The Kennedys left their Truckee home, with the sweeping vistas from the living room window and the cross-country skiing steps outside their door, and crossed the mountain to the other side of the Donner summit below the snow line to a new home in Weimar in 1995. They still make the hour-long drive every few months to Incline Village to see Dr. Peterson, but they’ve managed to find some peace in the rural location, leaving both the snow-shoveling and the constant harassment behind. Peterson never did leave town, and during the thirty or so years since, the harassment has never completely subsided. He continues to live with the reputation as a “quack” from many in town. At the same time, he’s managed to treat more than eight thousand ME/CFS patients from around the world.
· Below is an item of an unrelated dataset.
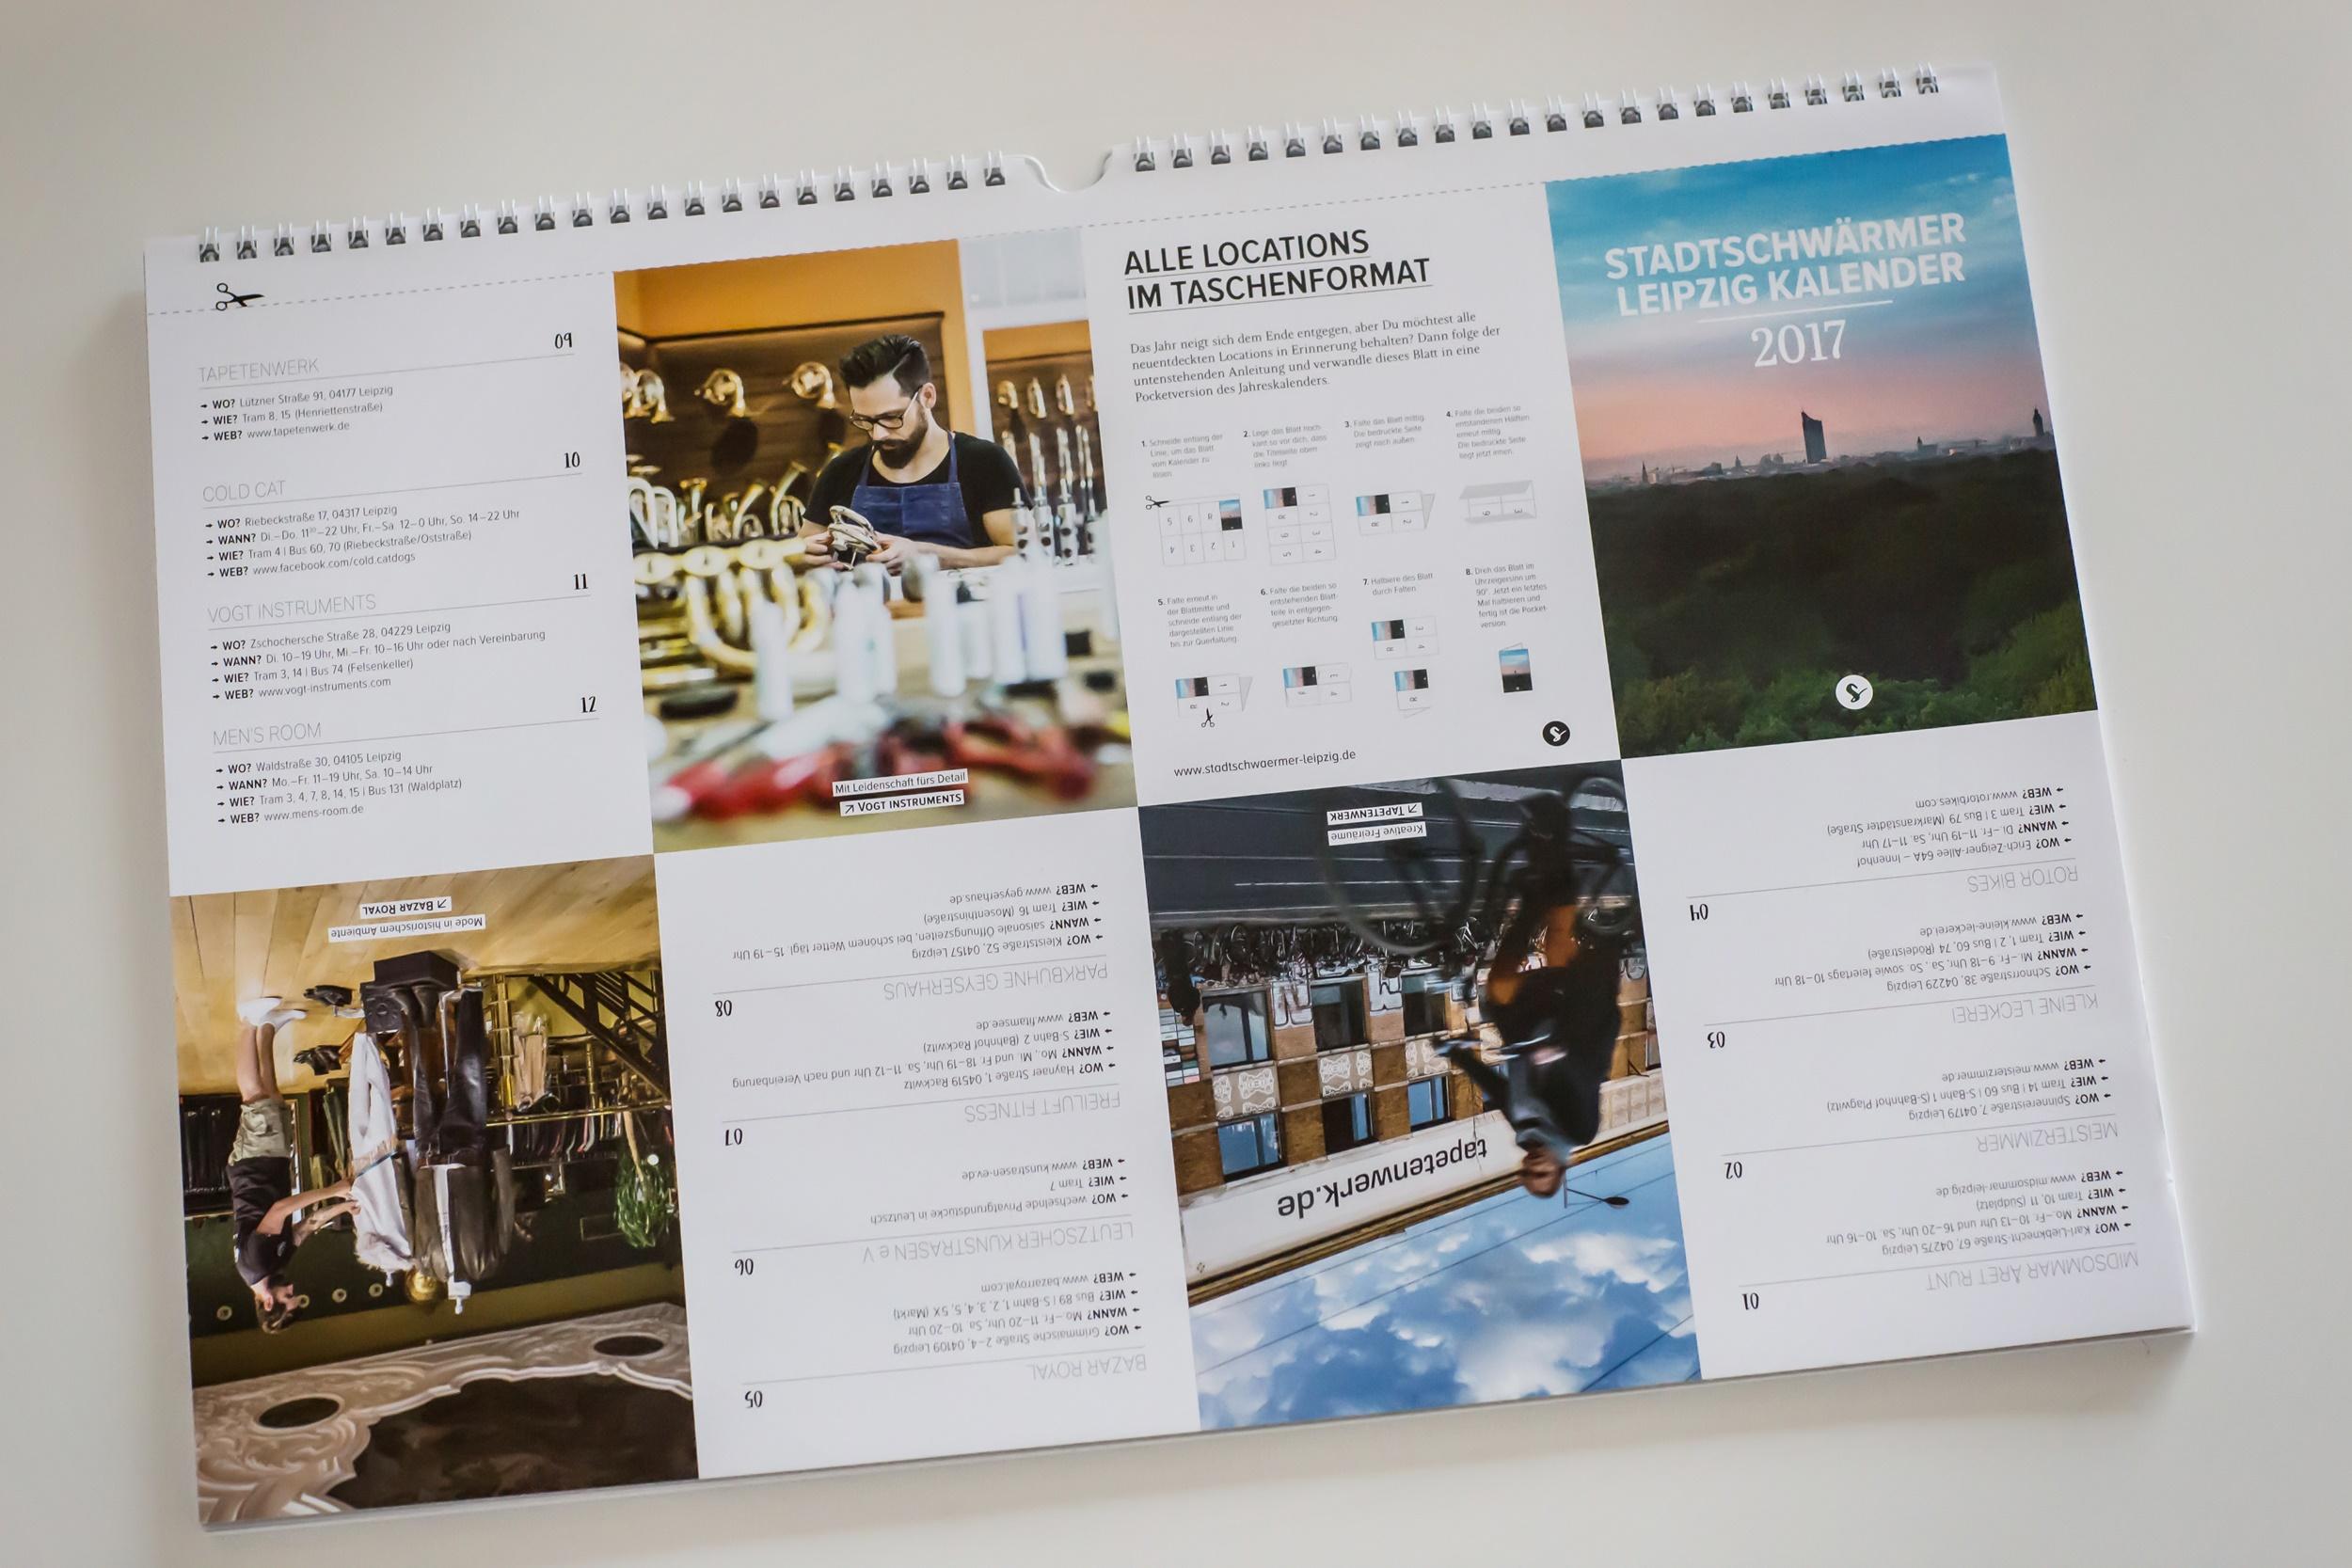 stadtschwaermer-leipzig-kalender-2017_18

“We just wanted to start over,” Gerry told me after the couple had welcomed me inside their home. Janice had taken my coat and asked me if I’d like a cup of tea. The home was comfortable and tidy with a frosty but well-tended garden visible through a sliding glass door that led to the backyard. She brought me green tea in a china cup, and Gerry smiled. The couple, married for more than fifty years now, worked in tandem, much like Janet and Ron. They glanced at each other, nodding in silent agreement, as they situated me on a couch. I thought of my own husband and smiled at how we cleared out the dishwasher together.

“I’m sorry, but we’ve had some bad experiences with the media in the past,” Gerry said, somewhat sheepishly. Then he boasted about his interview on a 60 Minutes episode. Not all of it was bad. They showed concern about the road I’d taken to get there. Apparently GPS had led me astray.

Both were gray-haired and pleasant, trim and dressed in similar green-print, button-down shirts. Gerry’s face was ruddy and kind. He stood tall. Janice kept her chin tipped high and carried herself in an elegant, if slow, manner to the kitchen for tea. They looked the typical retired couple, comfortable and content. Even healthy. But they weren’t. Like so many others with ME/CFS, they looked too healthy to be sick and were repeatedly disbelieved.

But regarding Janice, who has been the sicker of the two, I recognized the tension lines in her forehead that I’ve seen in other chronically ill patients. I link it to months and years of intense concentration to control pain. Or maybe she was just concentrating hard to make it through our sudden meeting. I knew from other ME/CFS patients that they only had an allotted amount of energy daily or weekly, and I knew she would crash right after. I felt that familiar guilt tugging at me with every minute I spent in their home.

Looking at them reminded me again of how important love was for the survival of those with ME/CFS. Loneliness was almost a symptom of the disease. To me, theirs was a love story.

“We still had each other,” Janice said, staring up at her husband tenderly.